DATA SHOWN:
******************************
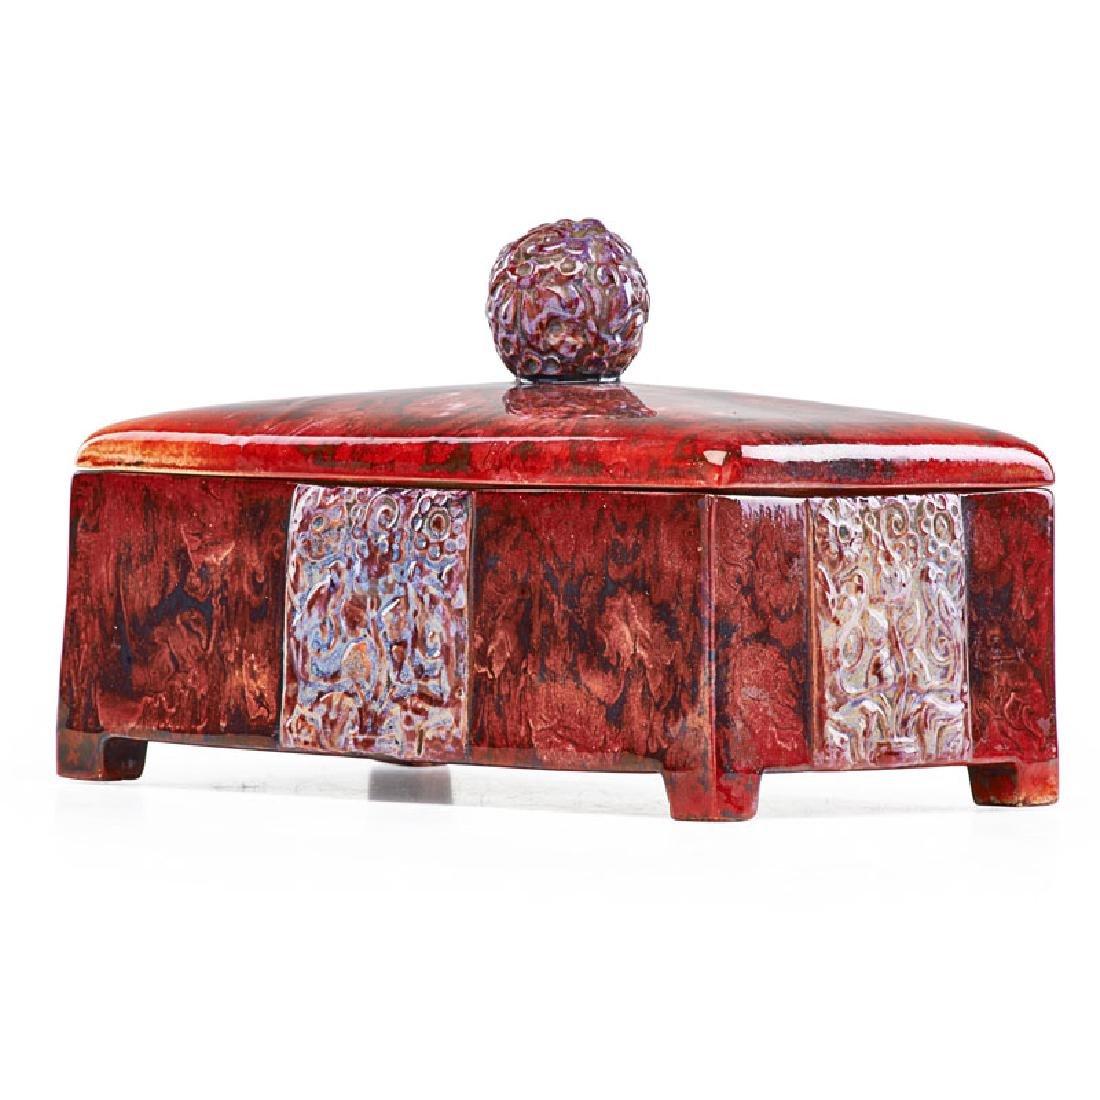 ZSOLNAY Rare decorative box
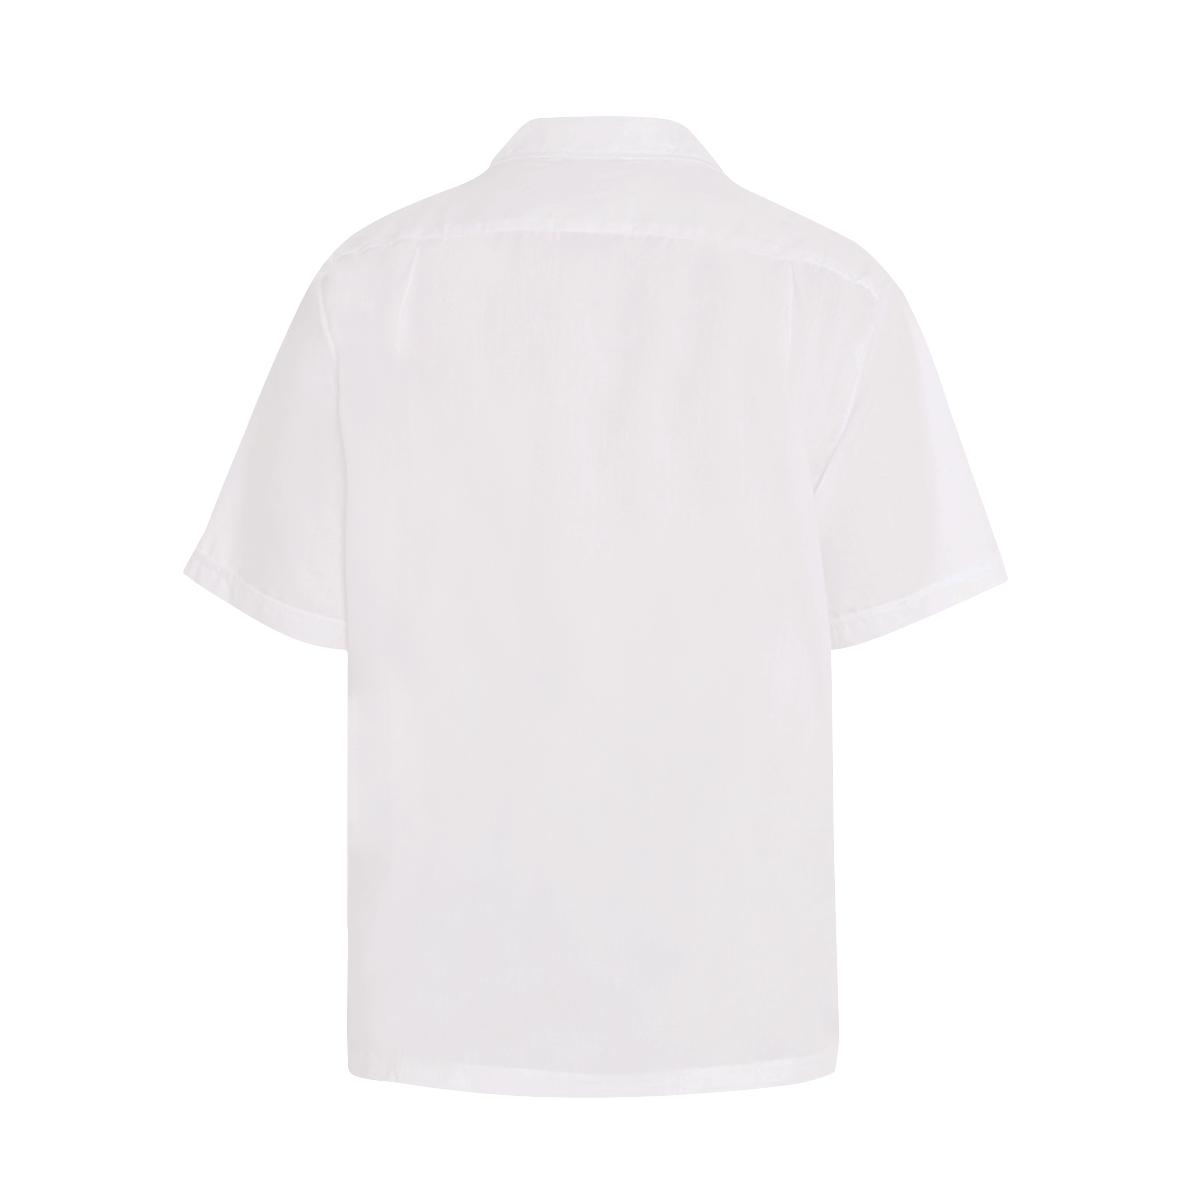 Hawaiian Shirt with Chest Pocket (Model T58)
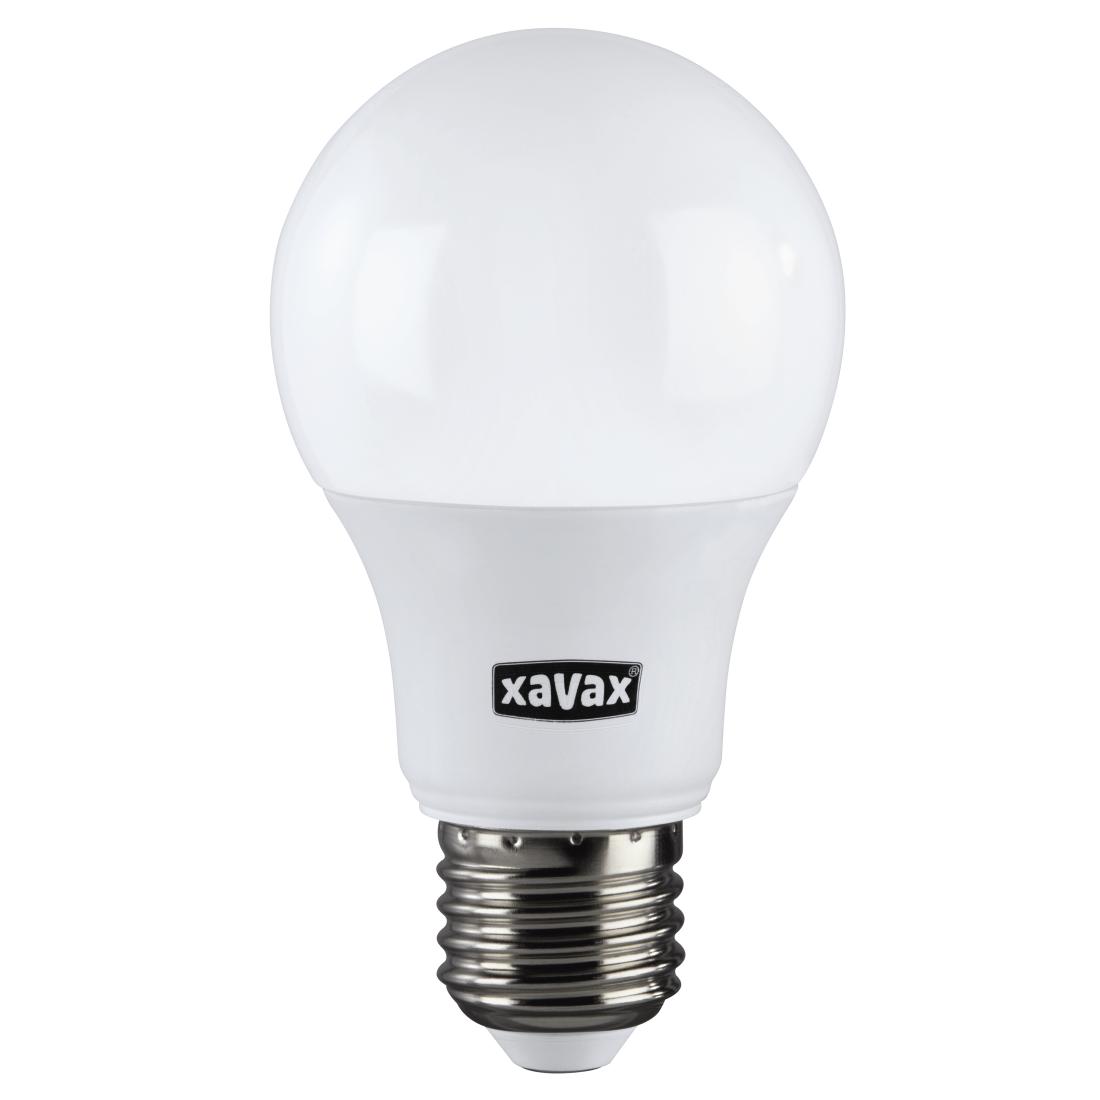 Xavax - Die Starke Marke im Haushalt xavax.eu | 00112575 Xavax LED ...
******************************
WHAT YOU ARE ASKED TO DO:
Repeat the material exactly as it reads, without any of its pictures.

RESPONSE:
 ZSOLNAY Rare decorative box
 Hawaiian Shirt with Chest Pocket (Model T58)
 Xavax - Die Starke Marke im Haushalt xavax.eu | 00112575 Xavax LED ...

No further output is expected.